Our second main question in the paper was whether there was some set of "core" health- or disease-associated microbes, which were significantly associated with health or disease no matter what disease was being studied. At first, I struggled to figure out how to define these non-specific responders: it wasn't clear how to deal with unobserved bacteria and how to make sure that the highly significant results (like many in the diarrhea studies) didn't overshadow all other patterns. In the spirit of our earlier analyses, however, we decided to do the simplest possible thing: simply count the number of diseases a given bacteria was significant in, and see which bacteria showed up in more than one disease. When we went back to each individual study and compared their individual results with this list of non-specific bacteria, we were taken aback to see that the majority of each study's associations overlapped with these non-specific responders. Basically, this means that in any given study, about half of the identified significant associations probably aren't specific to the disease of interest, and follow-up analyses or experiments will be needed to nail down which associations are truly disease-specific bacteria.

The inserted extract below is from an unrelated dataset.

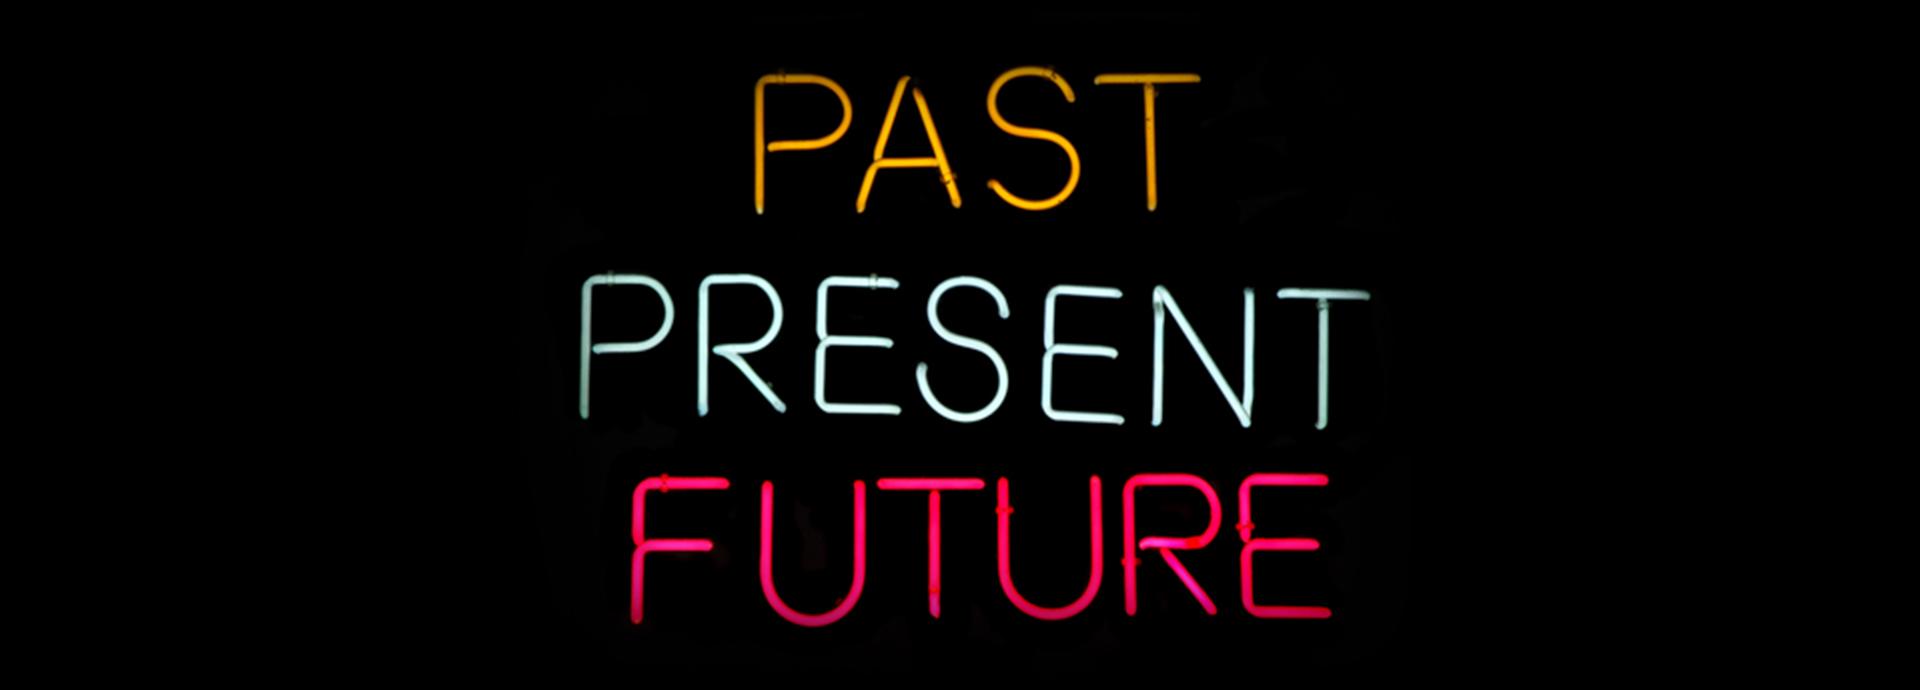 passato presente futuro mindfulness

In addition to the scientific insights of this paper, my more personal takeaway from this project is in the power of combining data to help us do better science. In this work (and hopefully future case-control microbiome studies), contextualizing results across diseases helped us figure out which hypotheses were more likely to be disease-specific and maybe worth following up with for explorations of causality or diagnostic potential. Combining many studies also helped us come up with new hypotheses, such as the idea that there’s a shared response to health and disease, which you could perhaps use to develop smarter probiotics or antibiotics that could work across a variety of conditions. These insights wouldn’t have been possible without comparing across many datasets and diseases, which itself wouldn't have been possible without publicly available and well-documented data. I also gained a lot of appreciation for the work it takes to make data publicly available in a useful way. I learned that it's about a lot more than just uploading the data: you also have to make sure the data is connected to its metadata, that the metadata includes both clinical and technical information (i.e. both things like disease state as well as replicate numbers, data processing already performed, etc), and that samples are tracked throughout the entire processing steps. In fact, realizing how easy it is to forget to document very important steps in methods was the main motivation behind putting in the work to make all my analyses reproducible with a Makefile - I didn't trust myself to be thorough enough and so appreciated having a "make" command that would break if I'd missed any steps! That said, with all the current talk of reproducibility crises, I was actually really heartened to see that the majority of published findings were pretty reproducible, with only few discrepancies that you'd expect from different analysis methods.